/EU-Abgeordnete stimmen für Rückgaberecht auch bei “kostenlosen” Apps und Online-Diensten

EU-Abgeordnete stimmen für Rückgaberecht auch bei “kostenlosen” Apps und Online-Diensten

EU-Abgeordnete stimmen für Rückgaberecht auch bei "kostenlosen" Apps und Online-Diensten

(Bild: europa.eu)

Nach dem Ministerrat haben sich EU-Parlamentarier dafür ausgesprochen, dass Verbraucher Ansprüche auf Reparatur, Updates oder Rückgabe digitaler Angebote erhalten sollen, auch wenn sie dafür mit ihren Daten bezahlen.

Auf EU-Ebene zeichnet sich eine gemeinsame Linie für ein “modernes Vertragsrecht für die Online-Wirtschaft” ab, wonach Anbieter digitaler Güter sowie Dienste stärker für Apps, Musikdateien, Filme, Spiele oder E-Books haften sollen. Ähnlich wie der EU-Rat haben am Dienstag auch die Ausschüsse für Recht und Binnenmarkt des EU-Parlaments für das Gesetzespaket plädiert.

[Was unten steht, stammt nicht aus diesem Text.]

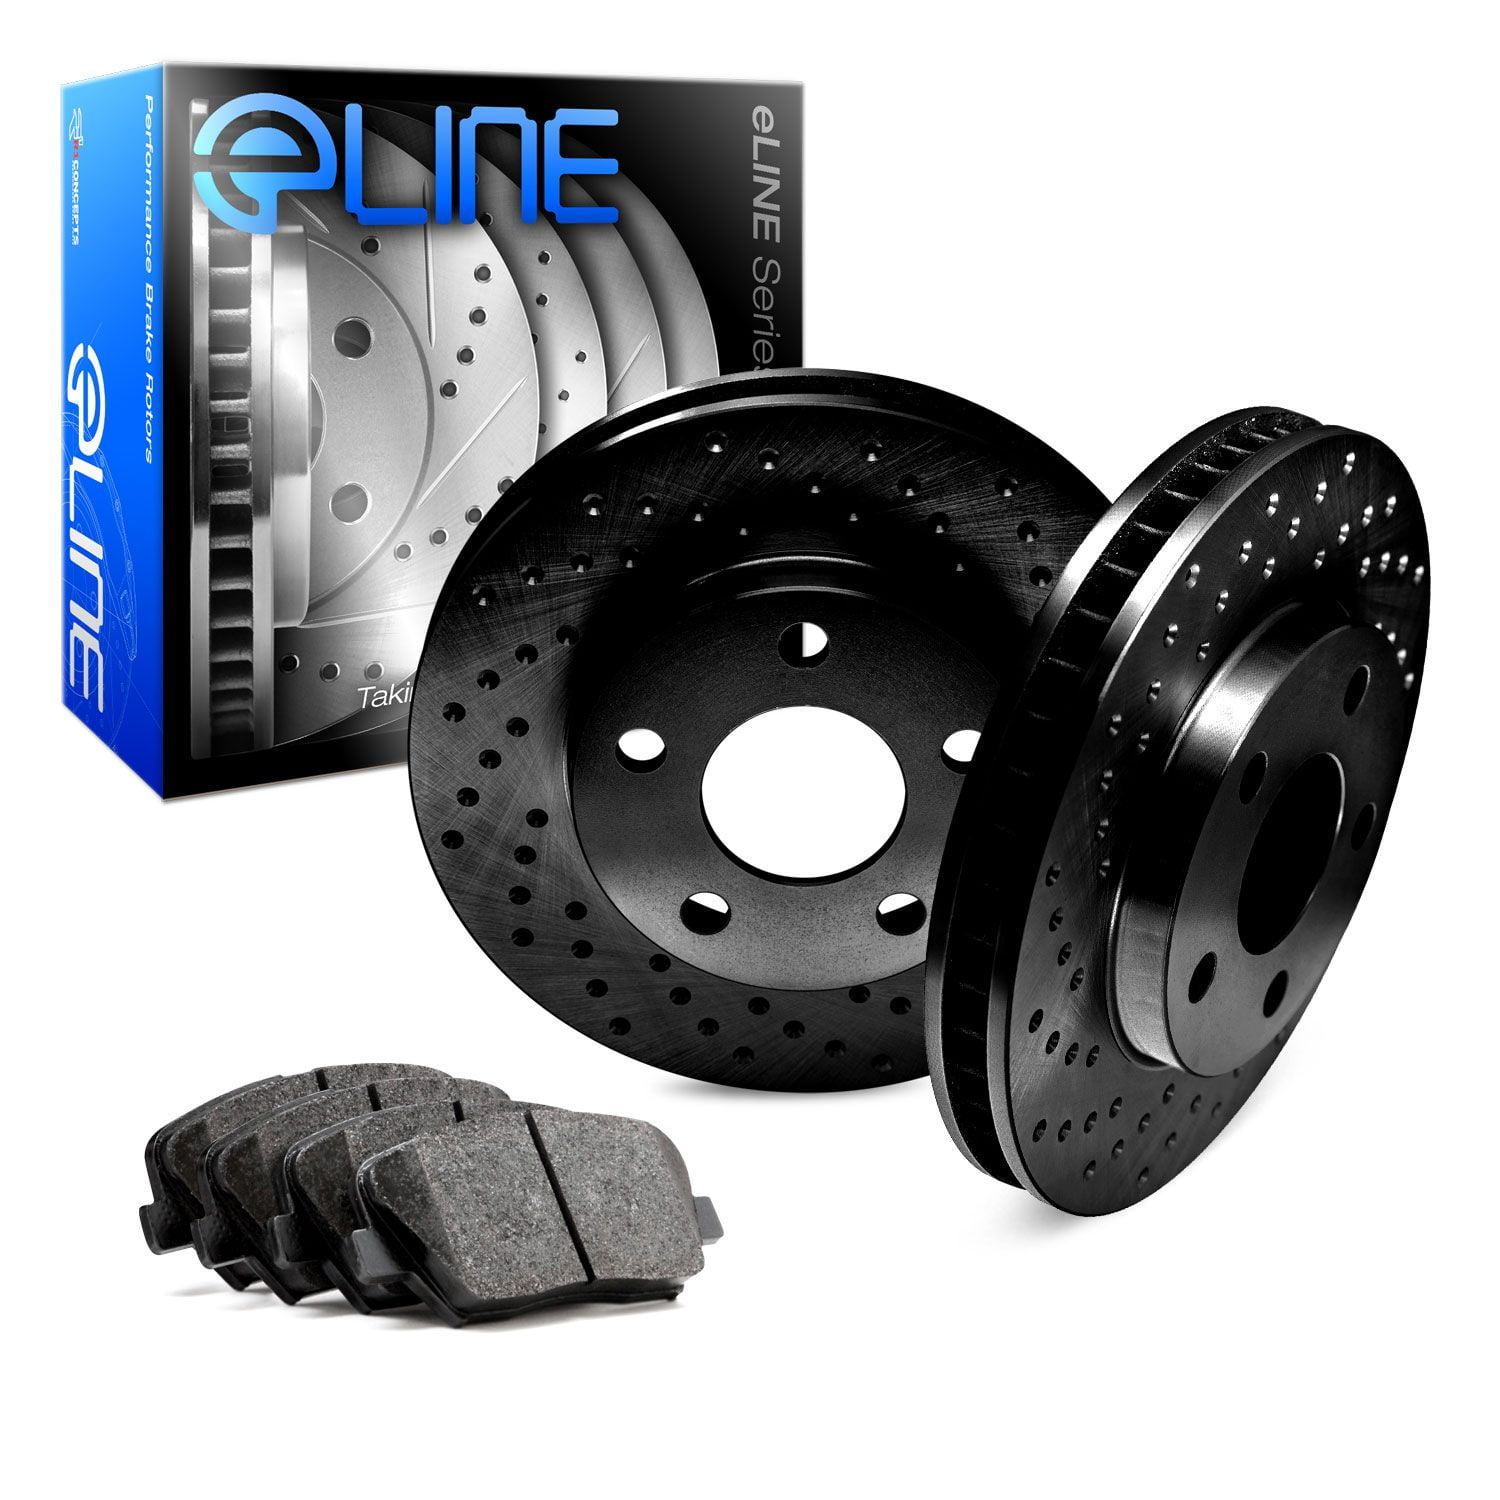 Frontier Front Rear Black Drilled Brake Rotors+Ceramic Pads Fit Nissan Xterra

Verbraucher sollen demnach umfangreiche Gewährleistungsansprüche etwa auf Reparatur, Updates oder Rückgabe bekommen, wenn sie für die Ware klassisch bezahlen oder im Gegenzug etwa für den Zugang zu einem Online-Dienst ihre persönlichen Daten abgeben. Bei letzteren handle es sich nicht um einen reinen Gebrauchsgegenstand, sondern um einen geschützten Wert.

Wenn ein Nutzer beispielsweise einen Film von einer legalen Bezahlplattform herunterlädt und ihn wegen schlechter technischer Qualität nicht auf seinem Rechner anschauen kann, erhält er derzeit meist nur einen Preisnachlass für künftige Downloads. Unter den von den Abgeordneten befürworteten Regeln könnte er dagegen von dem Anbieter eine andere, korrekt funktionierende Version verlangen. Sollte sich dies nicht bewerkstelligen lassen, könnte der Kunde auf eine Preisminderung oder eine volle Rückzahlung drängen. Wenn er den Vertrag widerruft müsste er sein Geld binnen 14 Tagen zurückerhalten.

In Streitfällen wollen die Abgeordneten – ebenso wie EU-Kommission und Ministerrat – die Beweislast umkehren. Der Hersteller müsste also belegen, dass die ausgegebene Ware in Ordnung war. Derzeit sind Verbraucher in einigen Mitgliedsstaaten noch verpflichtet, selbst nachzuweisen, dass ein Mangel schon zur Lieferung bestand. Bei integrierter Software, die etwa in “smarten” Geräten eingebaut ist, soll die Beweislastumkehr für ein Jahr lang gelten, bei längerfristigeren Verträgen etwa für Cloud Computing oder soziale Netzwerke die gesamte Laufzeit über. Parlamentsberichterstatter betonten, dass das Vorhaben unerlässlich für den digitalen Binnenmarkt sei. Die Ausschussmitglieder haben den Verhandlungsführern das Mandat erteilt, direkt in die Kompromisssuche zu dem Dossier mit dem Rat und der Kommission einzusteigen. Dieser Auftrag muss vom Plenum nur noch formell bestätigt werden.